I have to calculate $E\left(\int_1^4 W_t^3dt |\mathcal F_2\right)$
My solution:
$E(\int_1^4 W_t^3dt |F_2)=E(\int_1^2 W_t^3dt |F_2)+E(\int_2^4 W_t^3dt |F_2)=\int_1^2 W_t^3dt+\int_2^4 E(W_t^3 |F_2)dt$
$E(W_t^3|F_2)=E((W_t-W_2+W_2)^3|F_2)=E((W_t-W_2)^3|F_2)+3E((W_t-W_2)^2 W_2|F_2)+3E((W_t-W_2) W_2^2|F_2)+E(W_2^3|F_2)=3W_2 (t-2)+W_2^3$
So $\int_2^4 E(W_t^3 |F_2)dt=6W_2+2W_2^3$
So our result is: $\int_1^2 W_t^3dt+6W_2+2W_2^3$
Is that ok?
It is not specified in the question, but I assume that $(W_t)_{t\geqslant 0}$ is a standard Brownian motion and that $\mathcal F_2$ is the $\sigma$-algebra generated by the $W_t, t\leqslant 2$.

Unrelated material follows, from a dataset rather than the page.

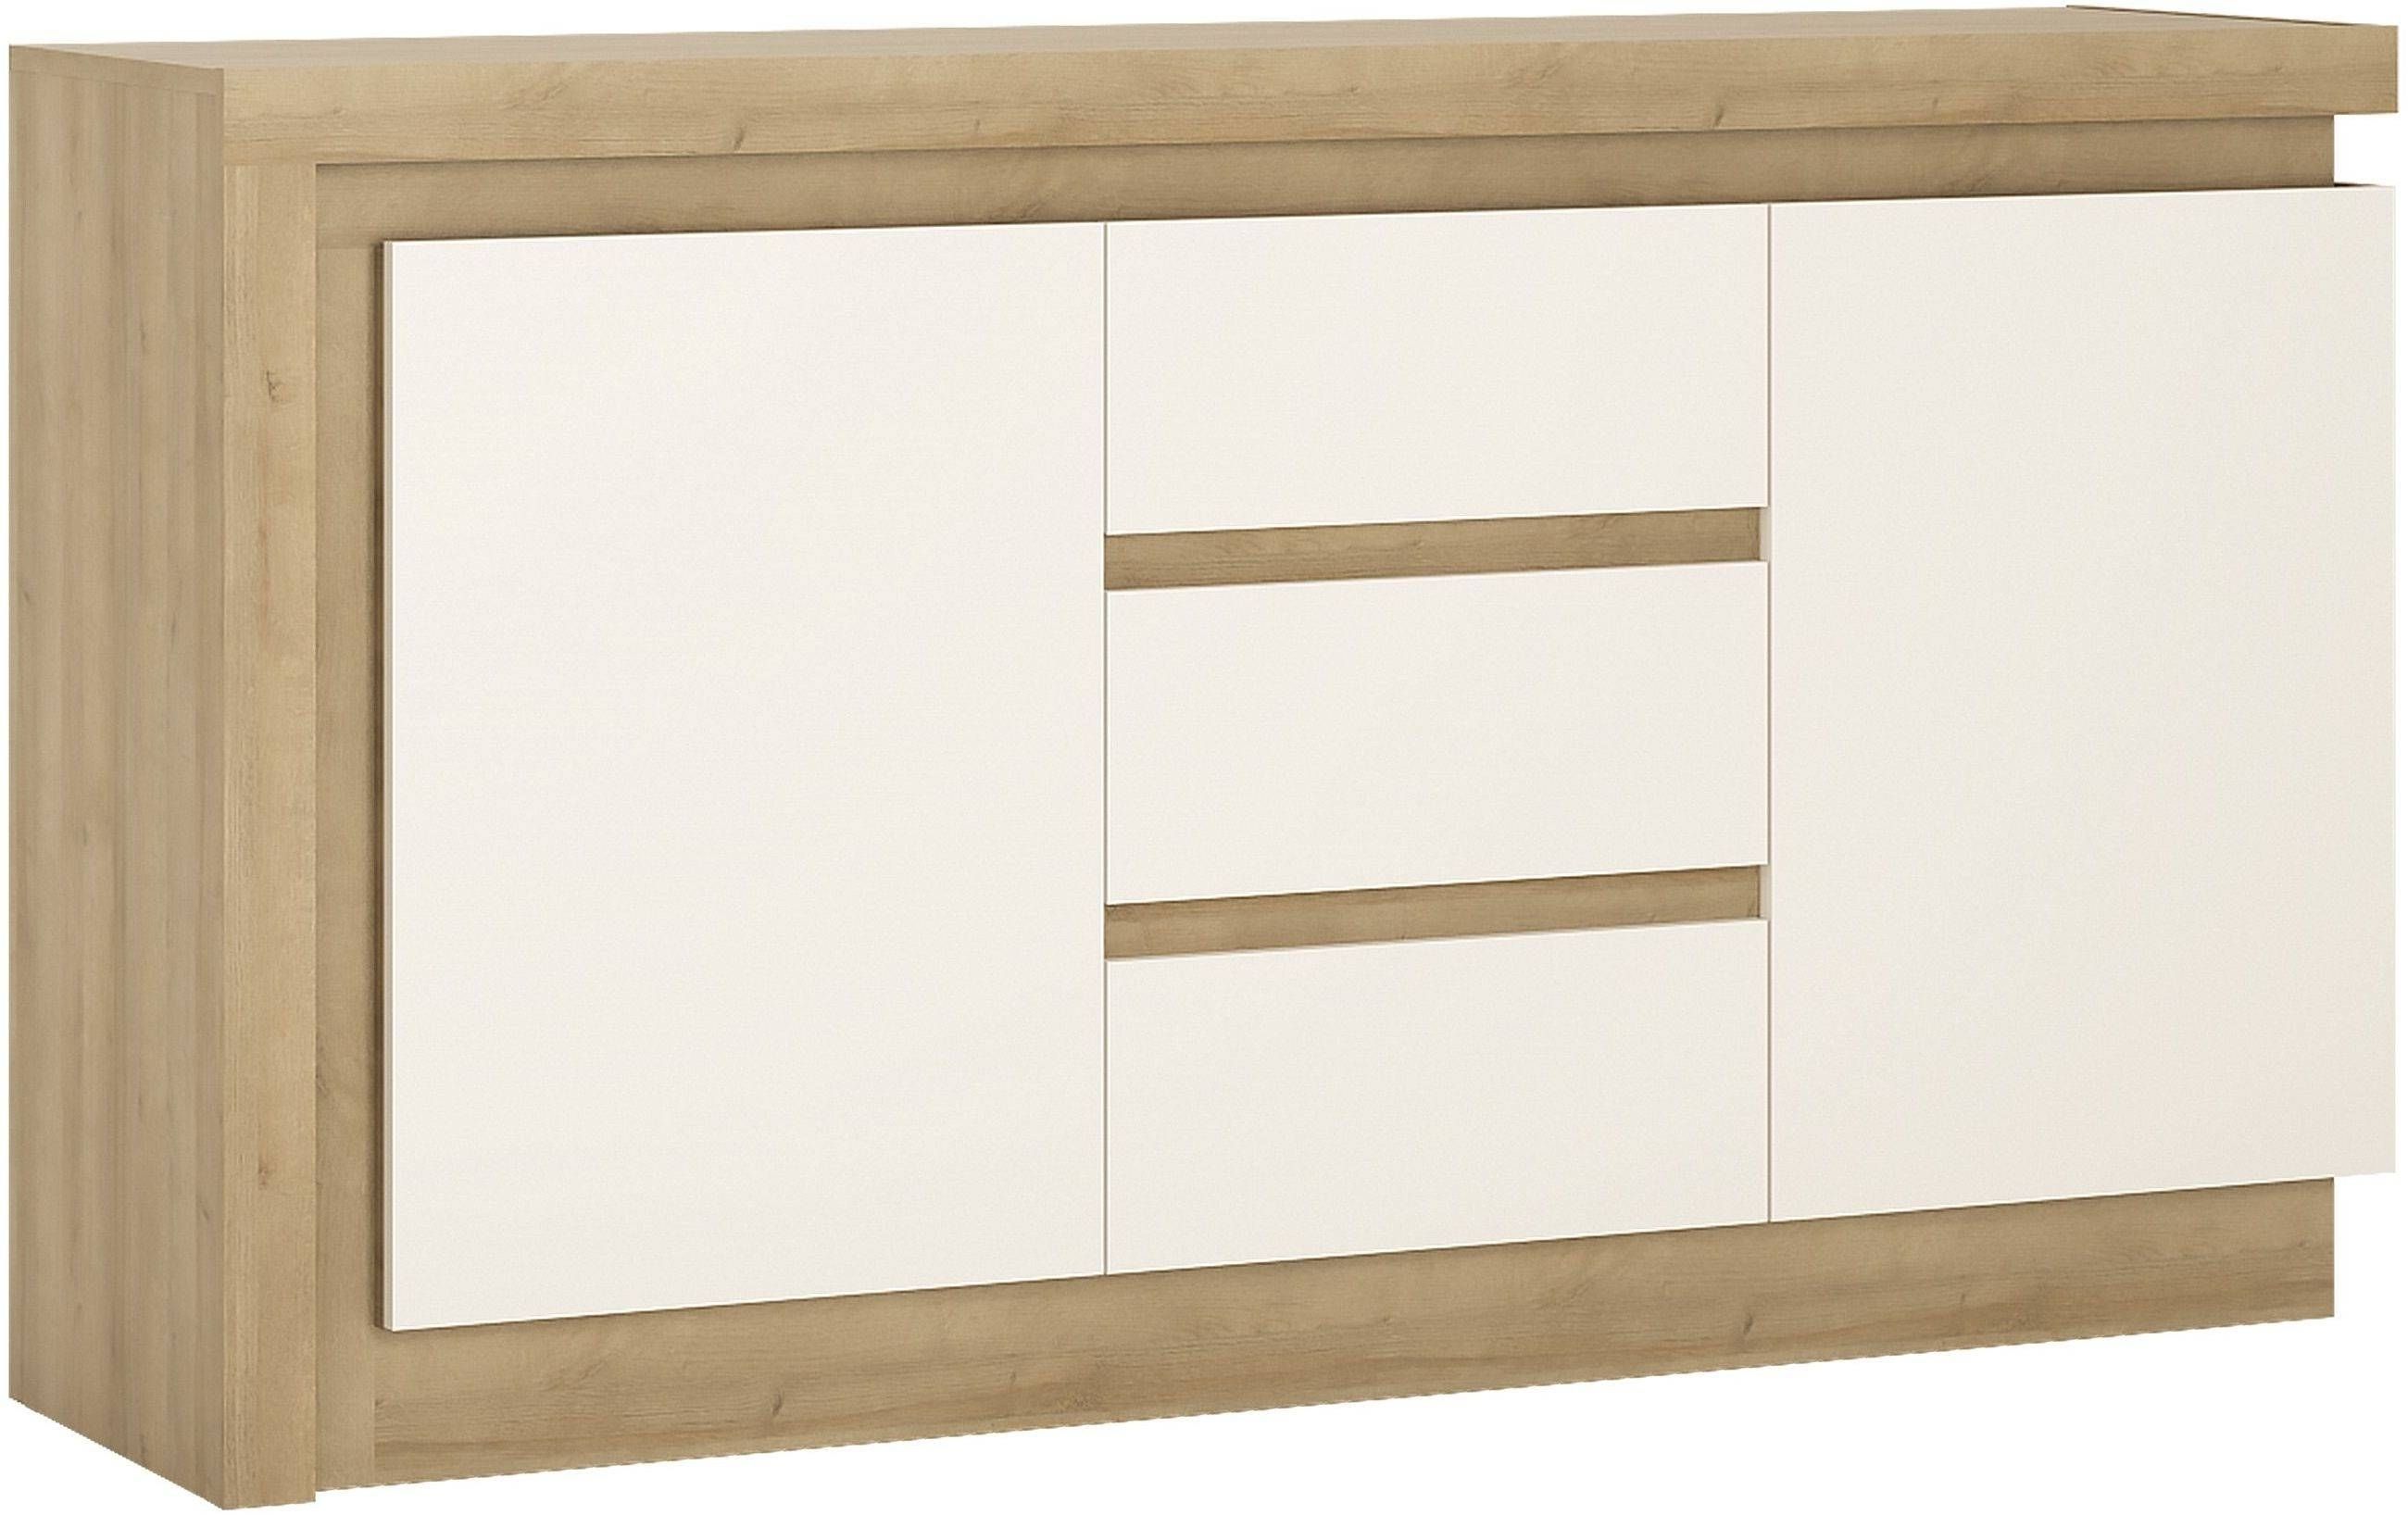 Buy Lyon Riviera Oak And White High Gloss Sideboard – 2 Door 3 Throughout High Gloss Sideboards (Photo 3 of 20)

The computations rest on the independence of $W_t-W_2$ and $\mathcal F_2$ for $t\gt 2$ and that $\int_1^2W_s\mathrm ds$ is measurable with respect to $\mathcal F_2$. The latter need to be detailed. The computations appear to be correct.